【发布时间】:2021-03-29 08:23:14
【问题描述】:
我想从以下 html 代码中抓取所有产品的列表,以及它们是“instock”还是“outofstock”。
<div class="js-product-sizer sizes__layout built" data-scope="conversion-zone">
<div class="sizes__wrapper sizes__wrapper--visible" data-id="1042303" data-sellableonline="true">
<span class="sizes__button sizes__button--selected" role="button" data-quantity="">Taglia</span>
<ul class="sizes__list" role="listbox">
<li class="sizes__size" data-id="969834" data-belowthreshold="false" data-quantity="true" data-available-quantity="1631" data-backinstockqualified="false" data-locale="it" data-storeprice="€1,49" data-storename="Cavallino, Lecce" data-price="1.49" data-weight="0.528" data-favstore-stock="10" data-favstore-above-threshold="false" data-favstore-cnc1h="true" aria-labelledby="size-selector-title" role="option">
<span class="sizes__info" data-tnr-size-selector-bootstrap-by-text="">0,5 KG</span>
<span class="sizes__stock"
<span class="sizes__stock__info" data-tnr-size-selector-stock-info="">Disponibile</span>
</span>
</li>
<li class="sizes__size" data-id="969842" data-belowthreshold="false" data-quantity="false" data-available-quantity="0" data-backinstockqualified="true" data-locale="it" data-storeprice="€3,49" data-storename="Cavallino, Lecce" data-price="3.49" data-weight="1.074" data-displayname="Disco ghisa bodybuilding 28mm" data-favstore-stock="0" data-favstore-above-threshold="false" data-favstore-cnc1h="false" aria-labelledby="size-selector-title" role="option">
<span class="sizes__info" data-tnr-size-selector-bootstrap-by-text="">1 KG</span>
<span class="sizes__stock">
<span class="sizes__stock__info sizes__stock__info--nostock" data-tnr-size-selector-stock-info="">0 disponibili</span>
我已经运行了以下代码:
import requests
from bs4 import BeautifulSoup
import time
r = requests.get('https://www.decathlon.it/p/disco-ghisa-bodybuilding-28mm/_/R-p-7278?mc=1042303&c=NERO')
soup = BeautifulSoup(r.text, 'html.parser')
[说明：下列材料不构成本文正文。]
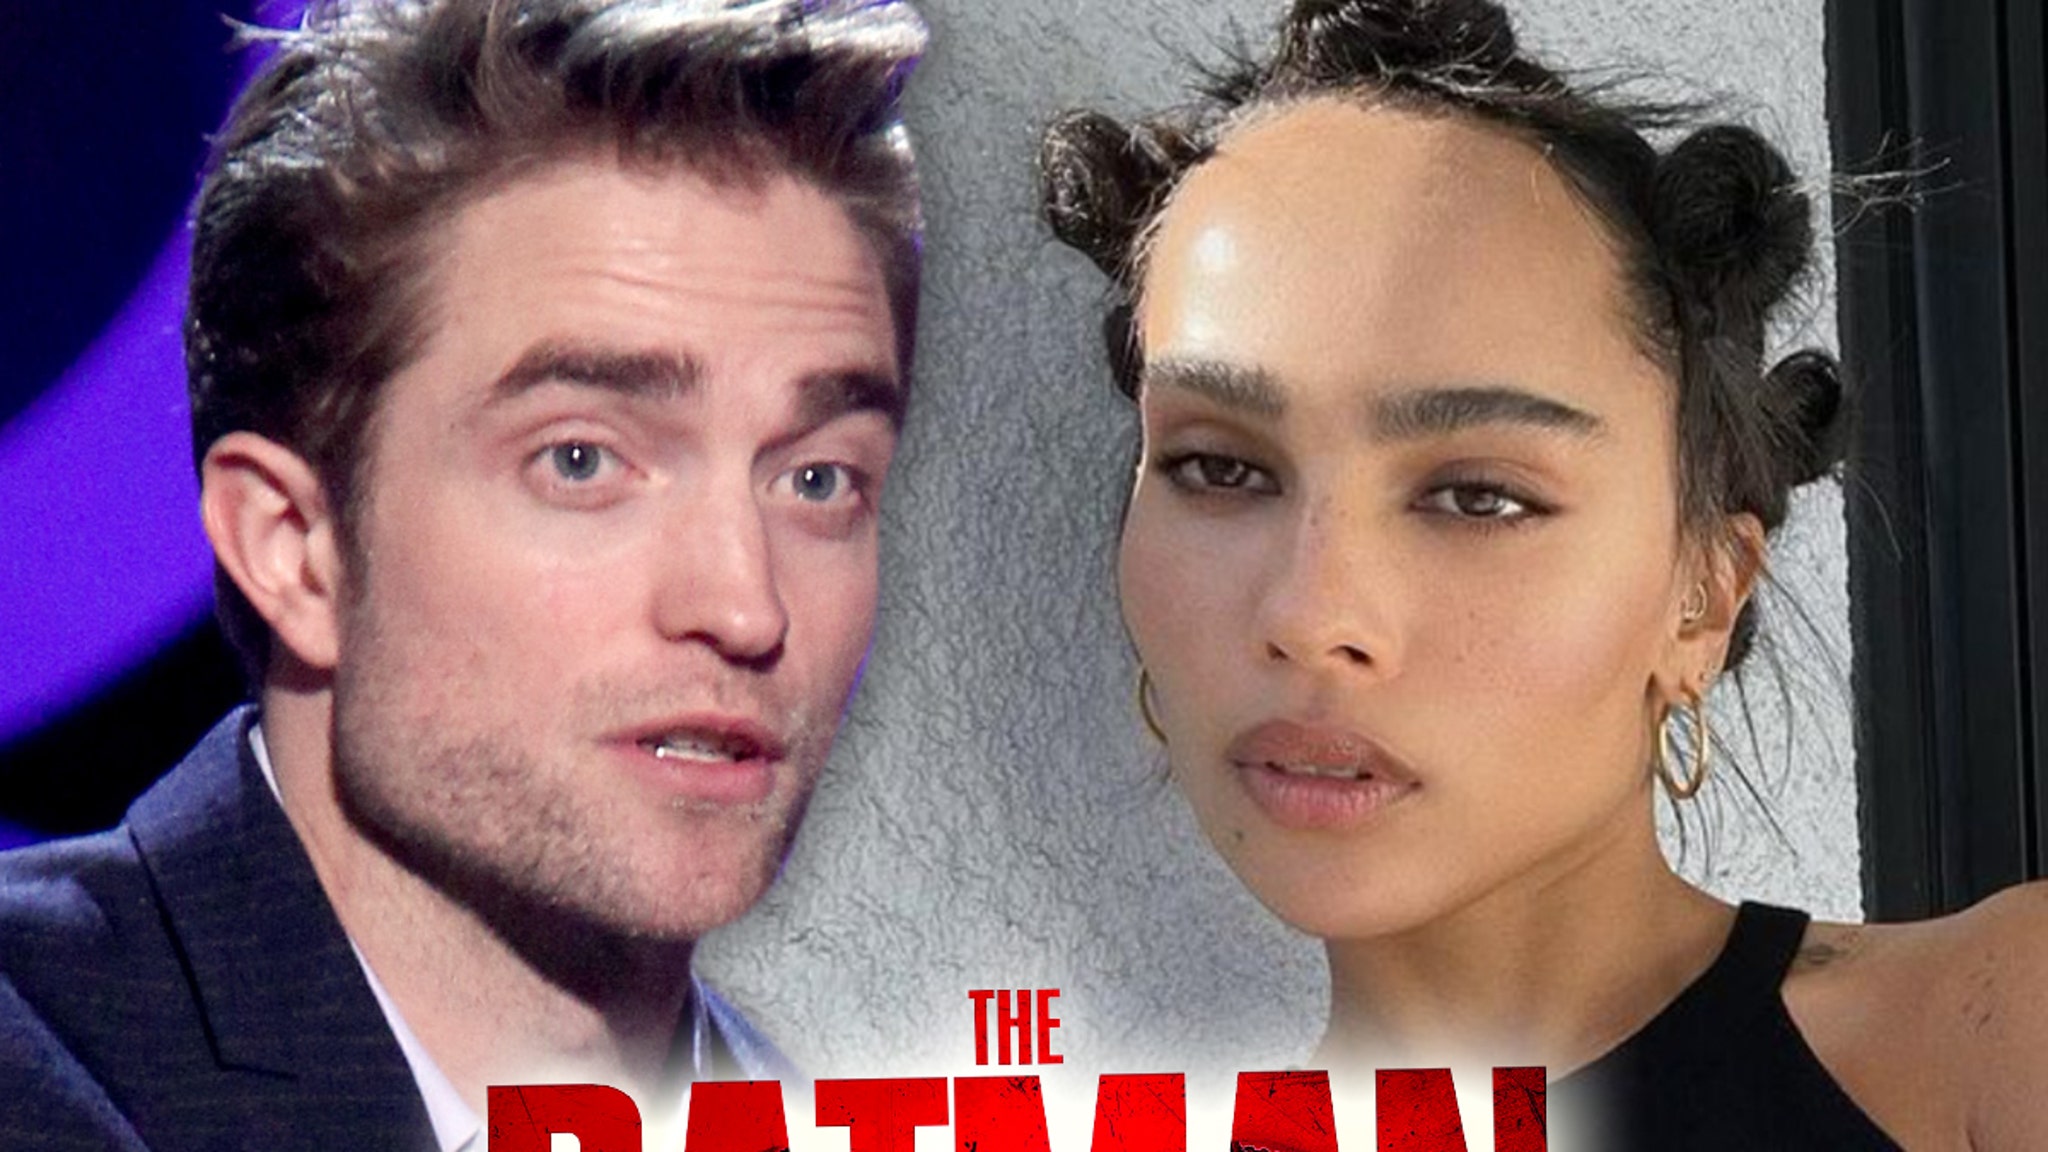 Pattinson’s nieuwe ‘Batman’-film beschreven door critici als zeer wakker, politiek

for anchor_tag in soup.find_all(class_="js-product-sizer sizes__layout built")[0].findChildren():
if "sizes_stock" in anchor_tag['class']:
print(f"Size {anchor_tag.text} OOS")
else:
print(f"Size {anchor_tag.text} in stock!")
但它给了我以下错误:
IndexError: list index out of range
【问题讨论】:
-
您从哪里复制了这段 HTML 代码?来自您的浏览器还是来自请求?请注意,您无法使用这种方式通过 JavaScript 获取动态创建的内容。如果是 JavaScript 动态创建的内容,那么你应该使用 Selenium。
-
你可以给我一个硒代码的例子吗?
-
我没有使用 Selenium。我在我的项目中使用了 BeautifulSoup。在考虑 selenium 之前试试这个:像这样更改 soup.find_all(...) 中的 for anchor_tag 部分:
soup.find_all("div",{"class"="js-product-sizer sizes__layout built"})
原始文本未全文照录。